The ability to make others think as you do is a tremendous power, and carries great responsibility. If it is not kindly and honestly used it will prove a boomerang and injure most the one who uses it. He will soon become known as a “spellbinder,” and people will not do business with him.

Mere “palaver and soft soap” do not cut nearly so much of a figure in salesmanship as formerly. The time has gone by forever when a salesman is chiefly measured by his ability to tell good yarns and crack jokes with his prospects. Honesty first, is the business slogan to-day. Spellbinding methods are not in demand. While you may, and should, be as affable as you please, you must be thoroughly sincere.

Even in trying to approach a man through his hobby, great caution must be used. If he is a shrewd, long-headed man he is going to see through any subterfuge, and if he gets the slightest idea that you are trying to “string” him, or if he sees the slightest evidence of insincerity or cunning, if he sees any plot back of your eye, your game is up. We must first believe in a man’s integrity, even though he may deceive us, before he can persuade us to do what we thought we would not do.

To-day it is the clean, straight-from-the-shoulder talk, cold facts that the average business man wants. Yet the men of persuasive powers can present those facts in such a way that the prospect will be made to feel that the salesman is his friend and acting entirely in his interest. No man relishes the idea of being “managed,” and, no matter how much he loves flattery, he will question your motive if you attempt it.

Very tactful and just praise, however, will help your cause considerably with the average man. Remember that your prospect will be always on his guard against any sort of deceit. He will be looking for evidences of insincerity. He has no intention of allowing himself to be duped or gulled.
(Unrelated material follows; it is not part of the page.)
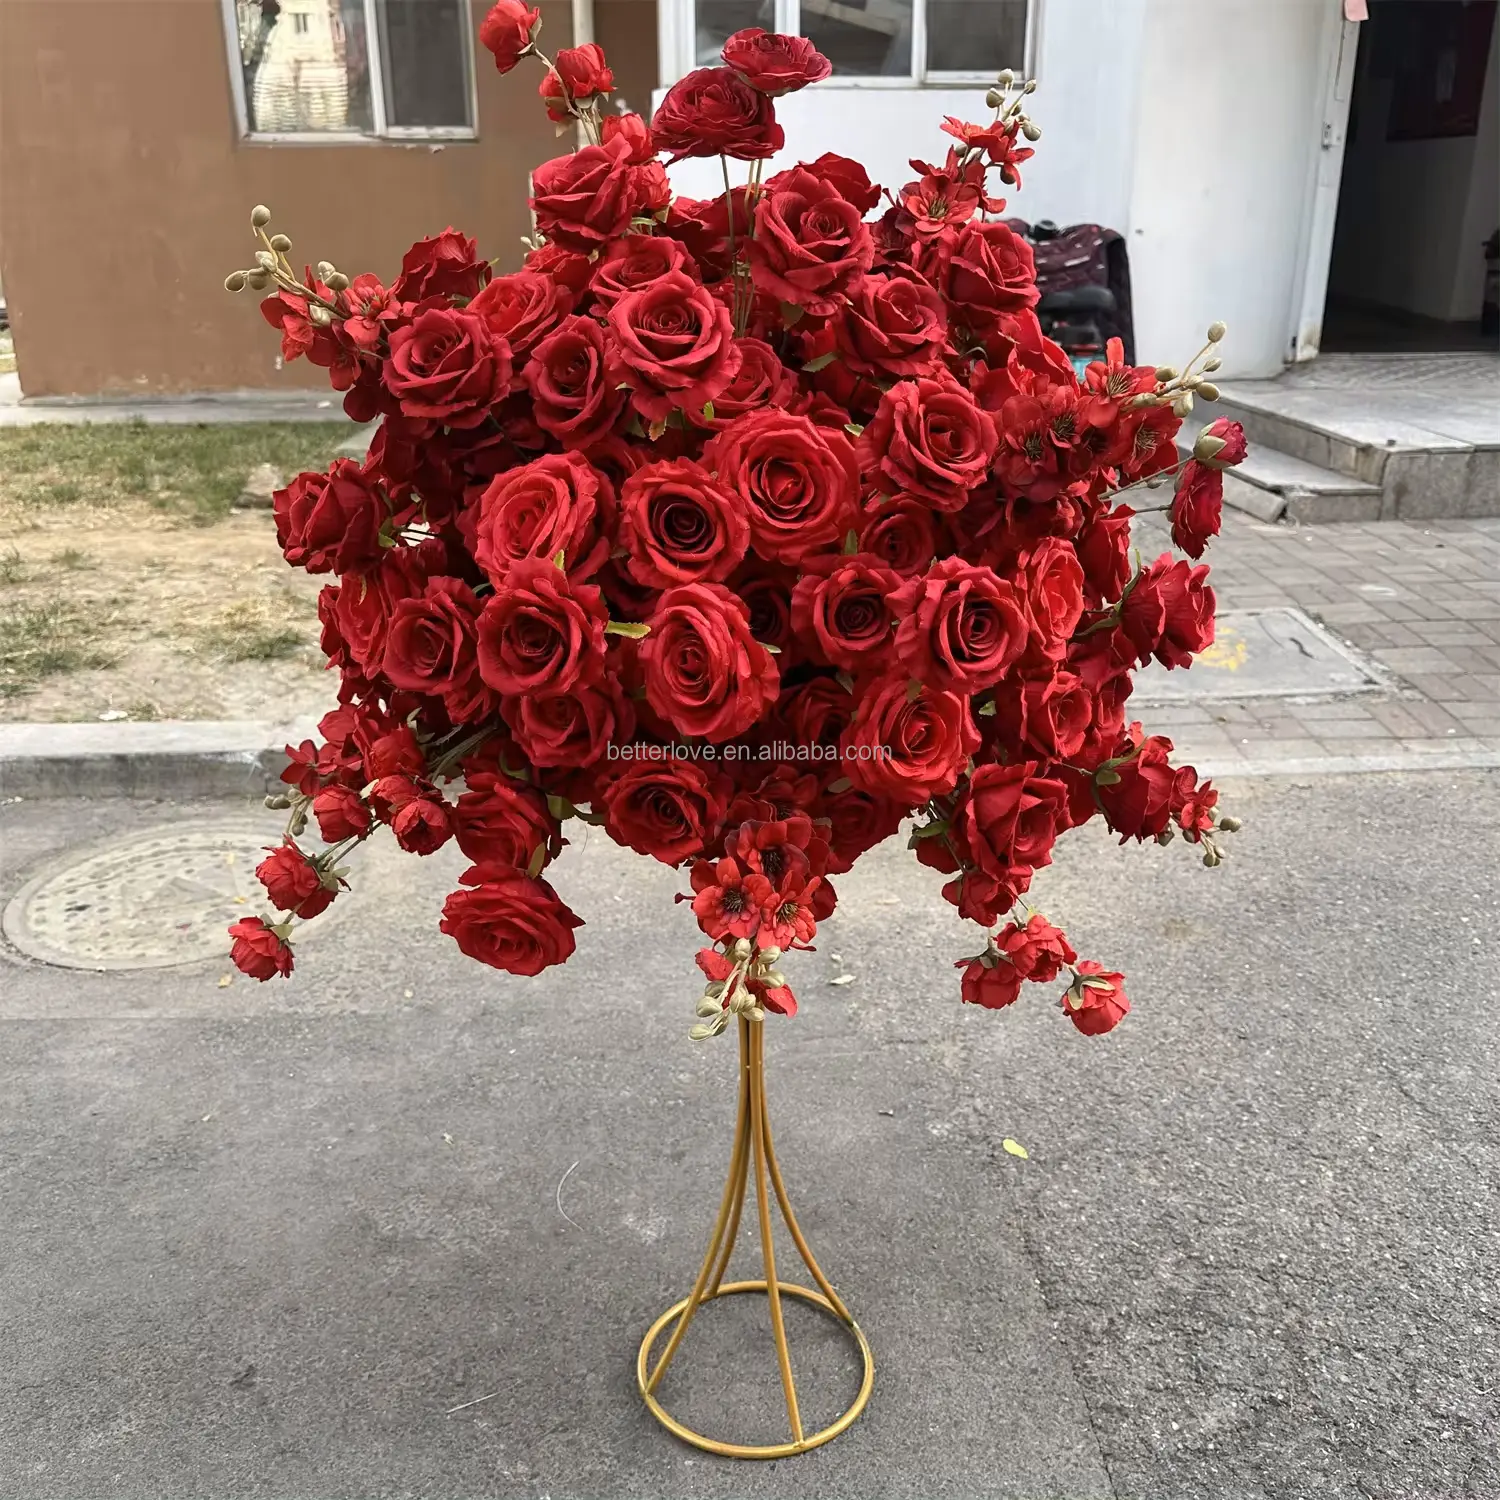 Betterlove Red Flower Balls Wedding Centerpieces Chrysanthemum Bouquet For Wedding Decoration Artificial Green
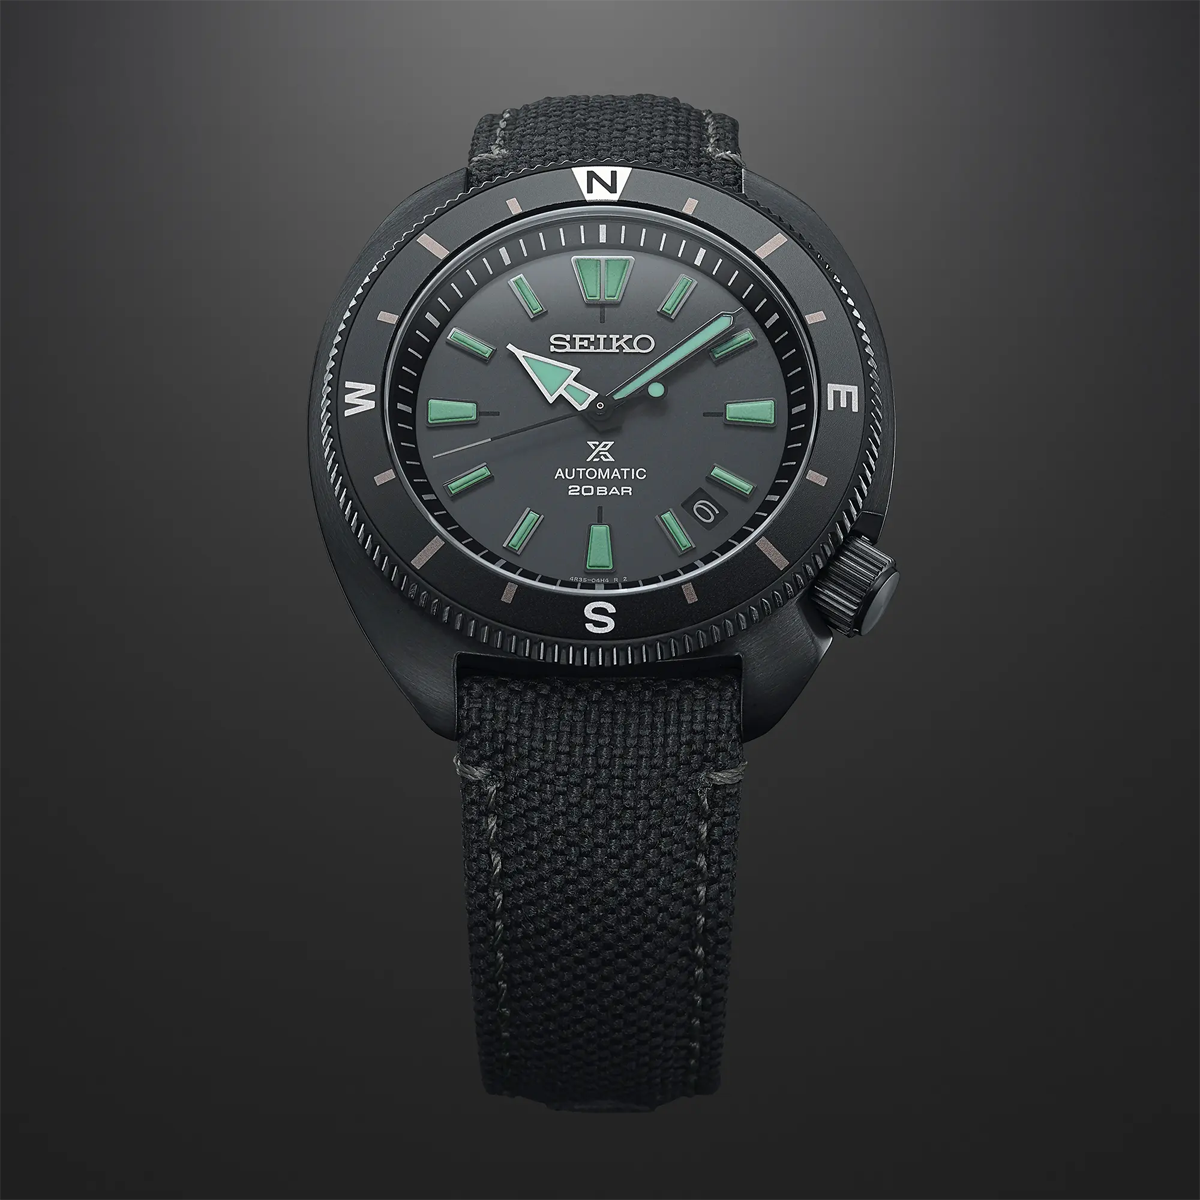 Prospex 'Black Series’ Tortoise Automatic, Black Bezel with Black Polyester Strap - SRPH99K1

Above all, remember that there is no substitute for sincerity in any field. There is nothing that will take the place in our lives of absolute transparency, simplicity, honesty, kindness. The Golden Rule is the only rule of conduct that will bring true success in any business.


CHAPTER XIV
HELPING THE CUSTOMER TO BUY

Satisfied customers are a perpetual lip-to-lip advertisement.

“Help your customer to buy. Don’t merely sell to him.”

A Quaker merchant who had made a fortune in Liverpool, when asked how he had made it, replied, “By a single article of trade in which every one may deal who pleases—civility.”

This self-same “article of trade” has been the making of the celebrated Bon Marché in Paris. The clerks in this famous establishment are instructed to show people, whether customers or not, every possible consideration. Strangers in Paris are invited to visit the Bon Marché, and are taken in hand the moment they enter the store by those who can speak their language, are shown over the whole place, and every possible attention paid to them, without the slightest influence being brought upon them to purchase. A similar courtesy is shown visitors in many well-known American concerns.

It is the service we are not obliged to give that people value most. Everybody knows that the salesman is supposed, at least, to treat a customer decently; but the over-plus of service, the extra courtesy and kindness, the spirit of accommodation, the desire to be obliging, the patience and helpfulness in trying to render the greatest possible service—these are the things customers appreciate most highly, and these are just the things that tie customers to certain houses.

Whether you are a traveling salesman or selling things behind a counter, nothing will add more to your success than the practice of that helpful courtesy which is dictated by the heart rather than the head, or by mere convention.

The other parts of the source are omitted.